Items from a dataset:
★ ★ ★ ★ ★

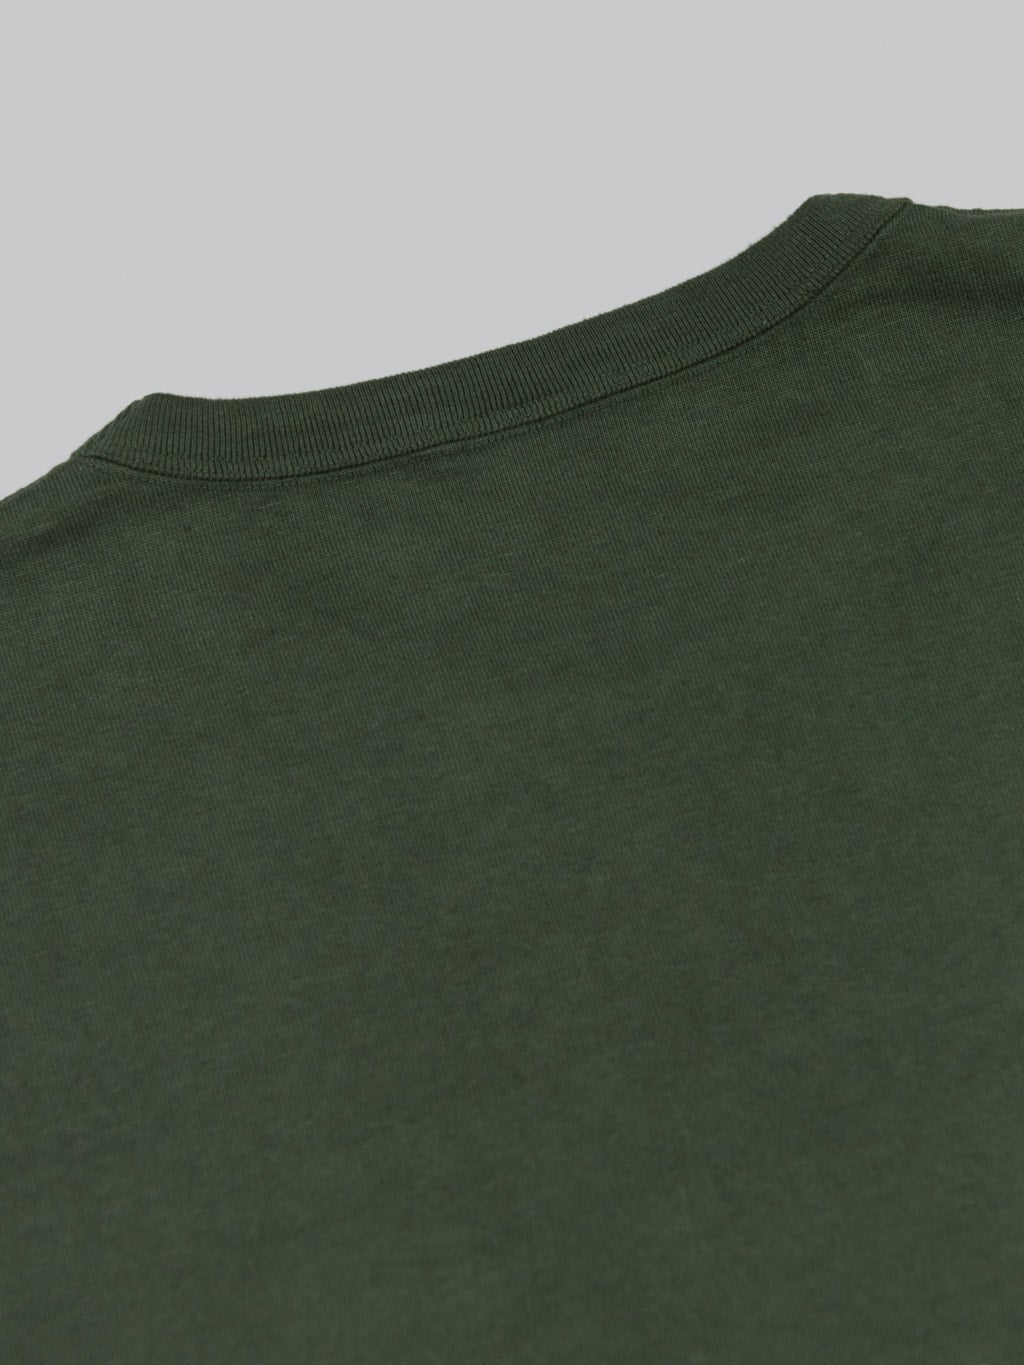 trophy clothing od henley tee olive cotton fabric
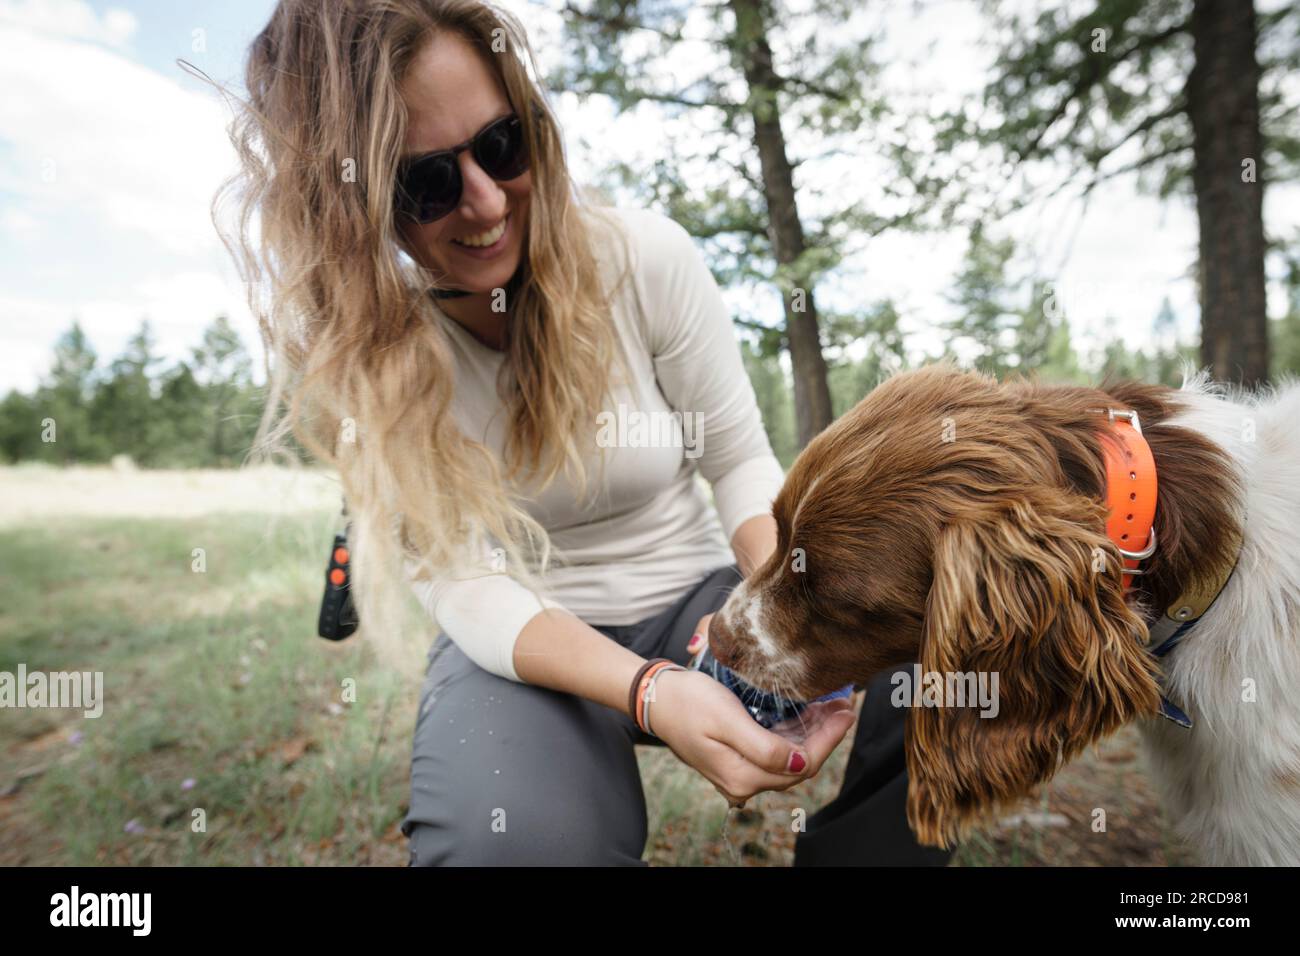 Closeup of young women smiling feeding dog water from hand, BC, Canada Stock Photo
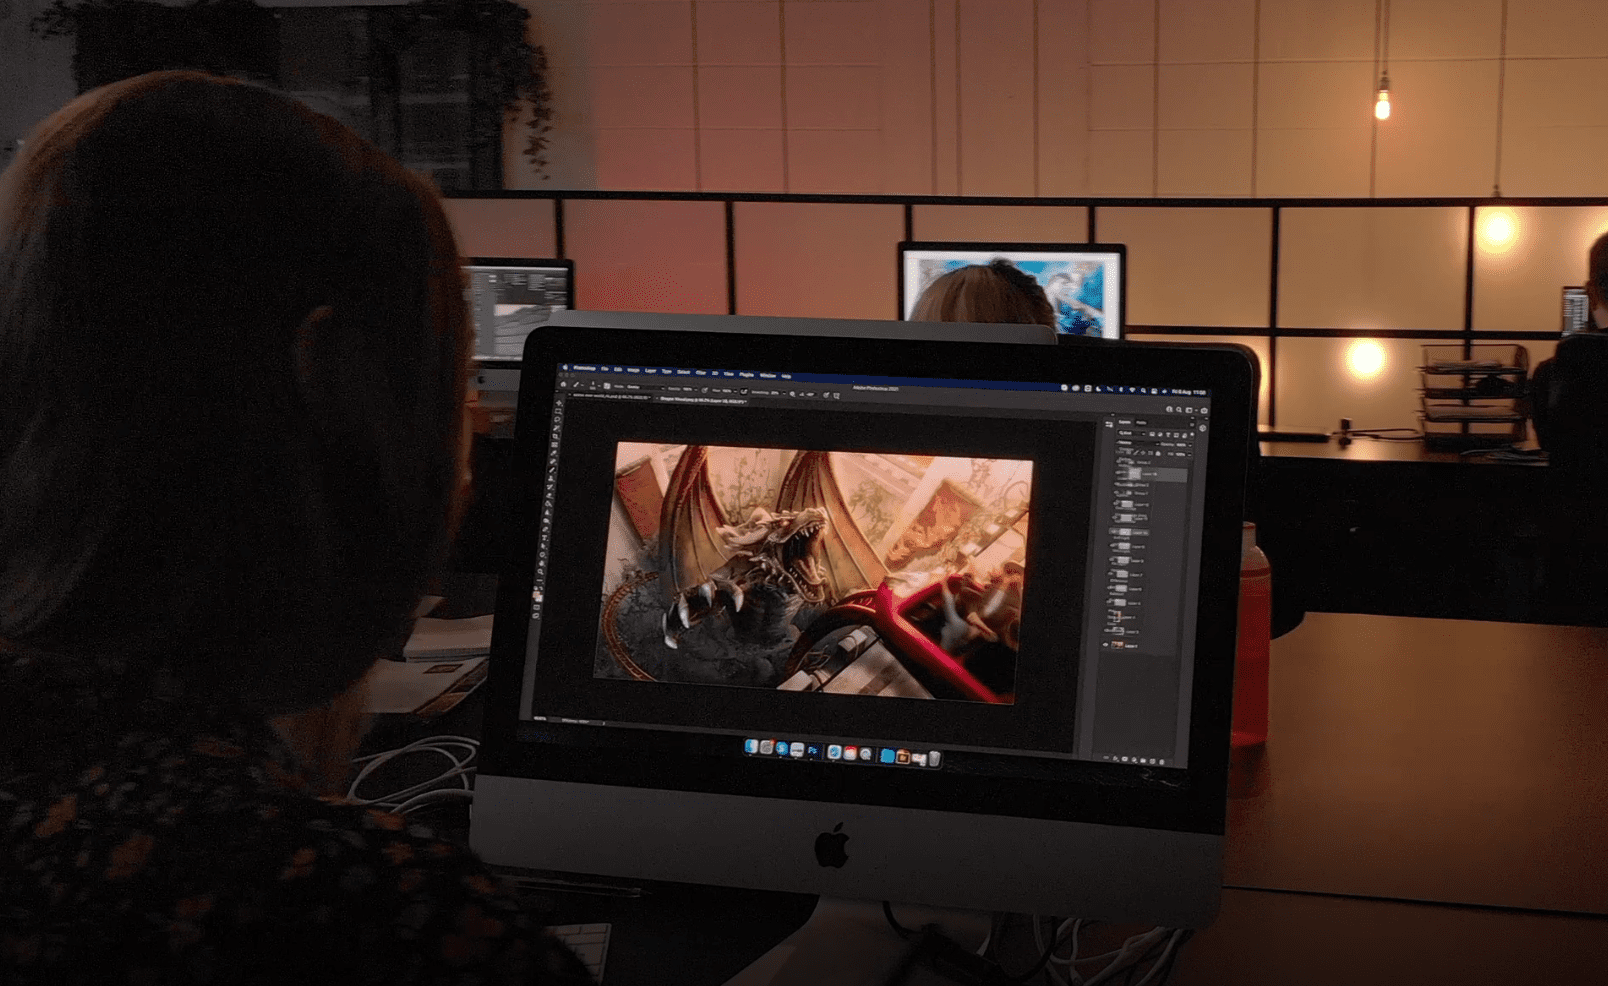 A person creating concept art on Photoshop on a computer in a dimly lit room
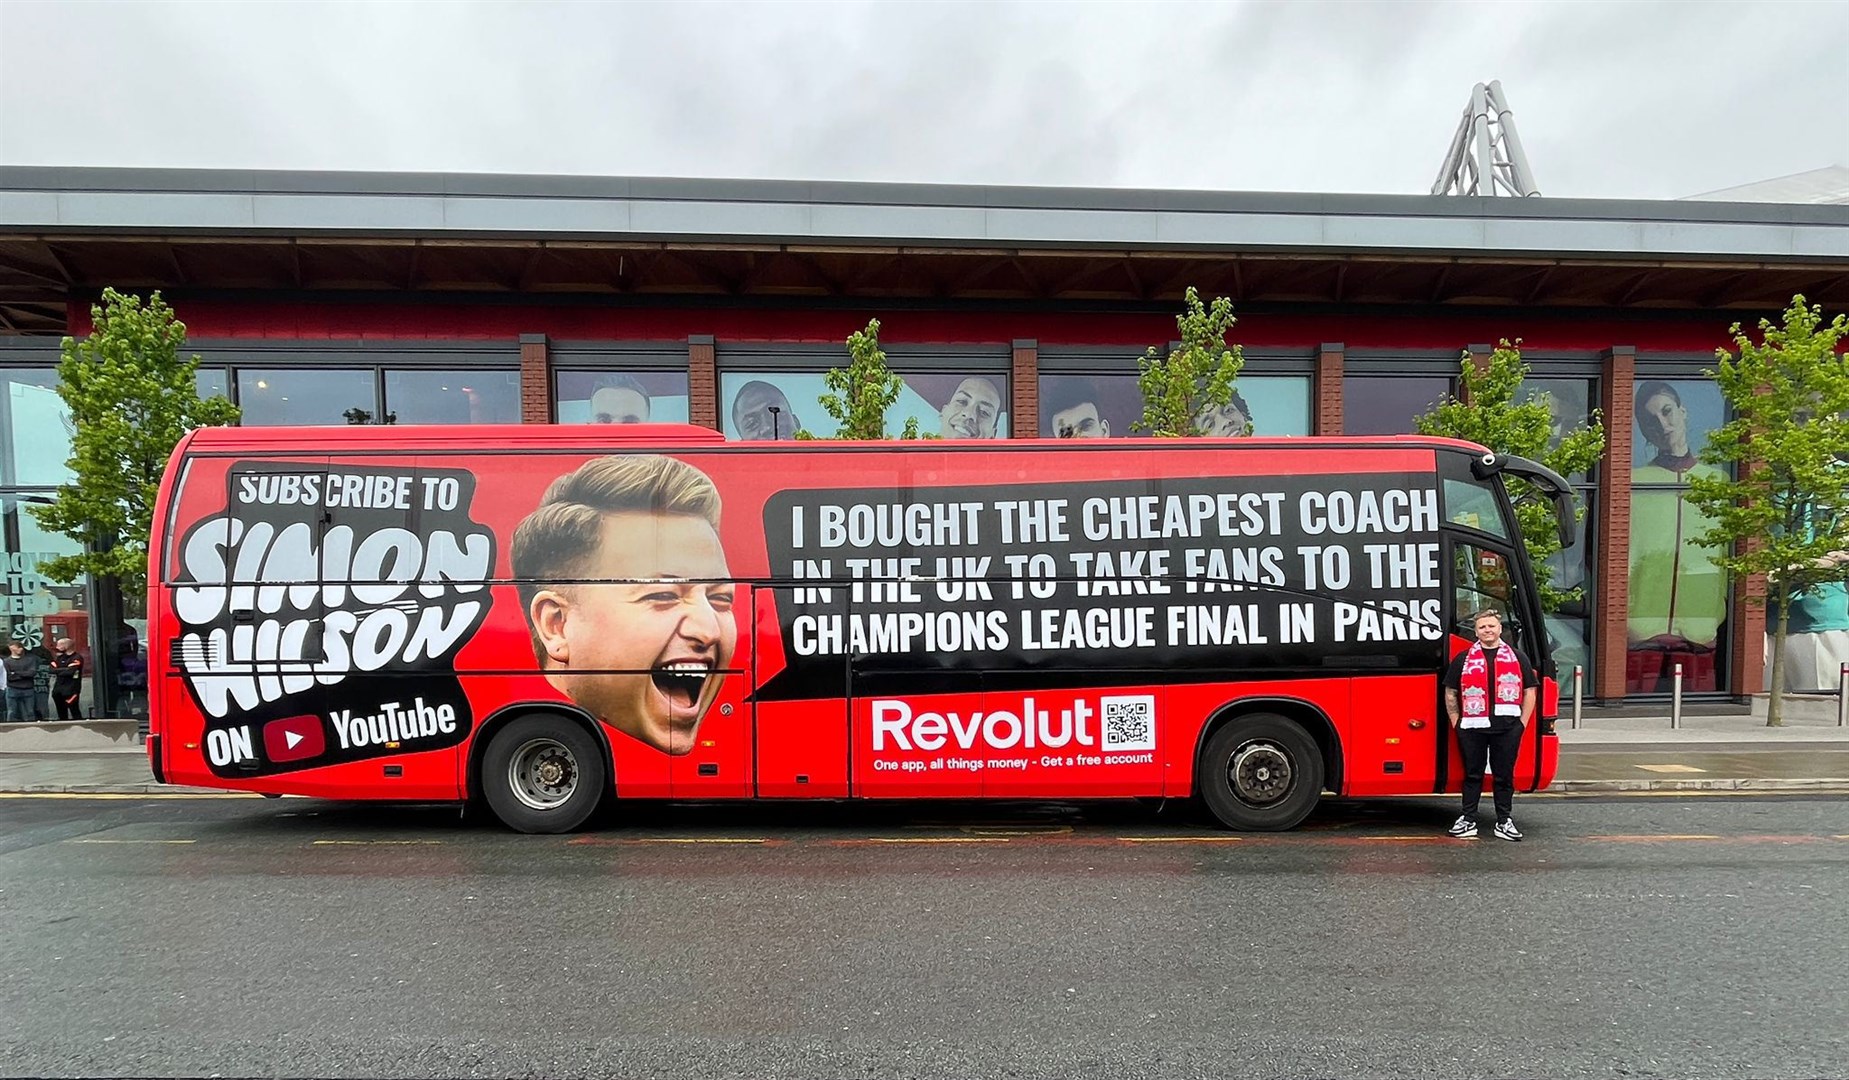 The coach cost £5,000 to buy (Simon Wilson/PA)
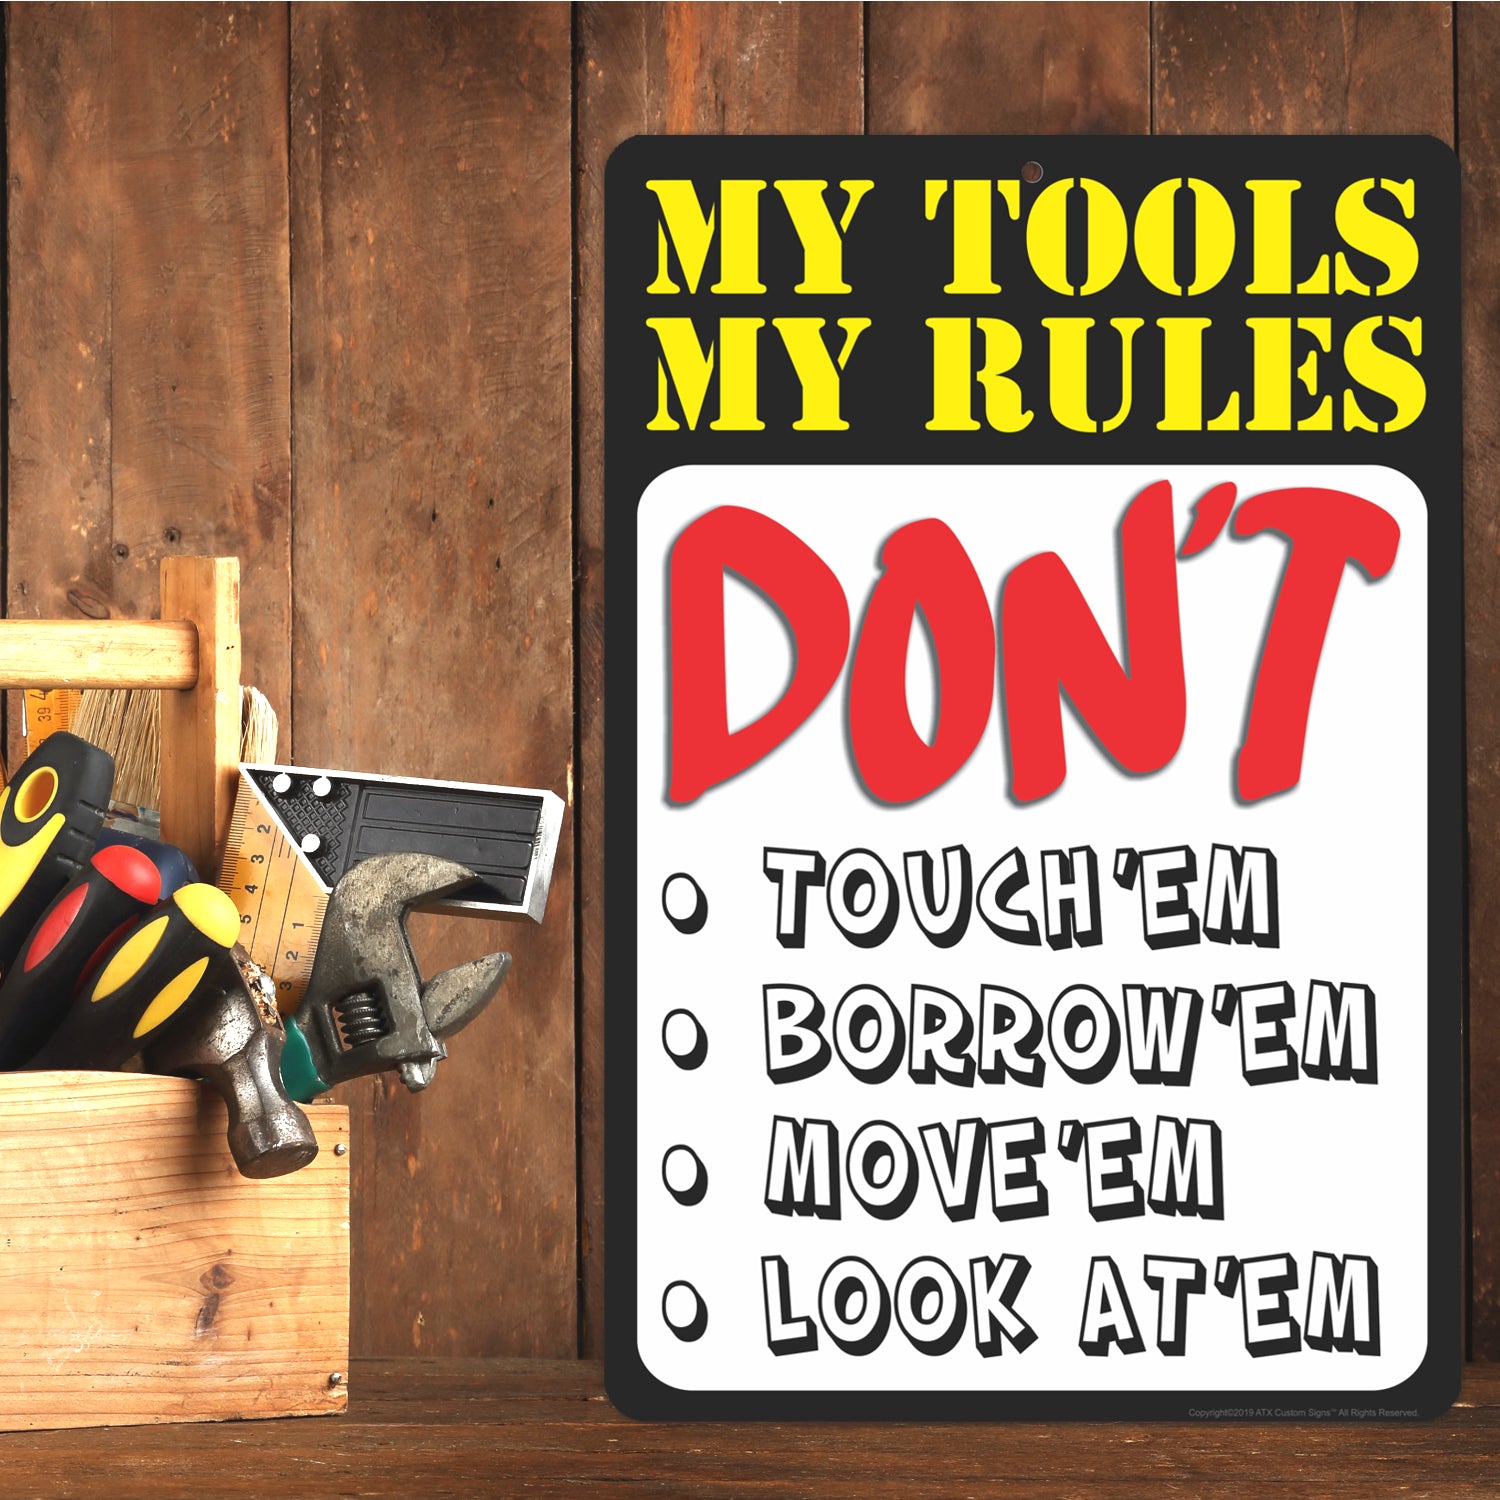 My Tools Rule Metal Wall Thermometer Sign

★ ★ ★ ★ ★

Give the data again exactly, image-free.

→ **SOLUTION TO THE EXERCISE**:
 trophy clothing od henley tee olive cotton fabric
 Closeup of young women smiling feeding dog water from hand, BC, Canada Stock Photo
 A person creating concept art on Photoshop on a computer in a dimly lit room
 The coach cost £5,000 to buy (Simon Wilson/PA)
 My Tools Rule Metal Wall Thermometer Sign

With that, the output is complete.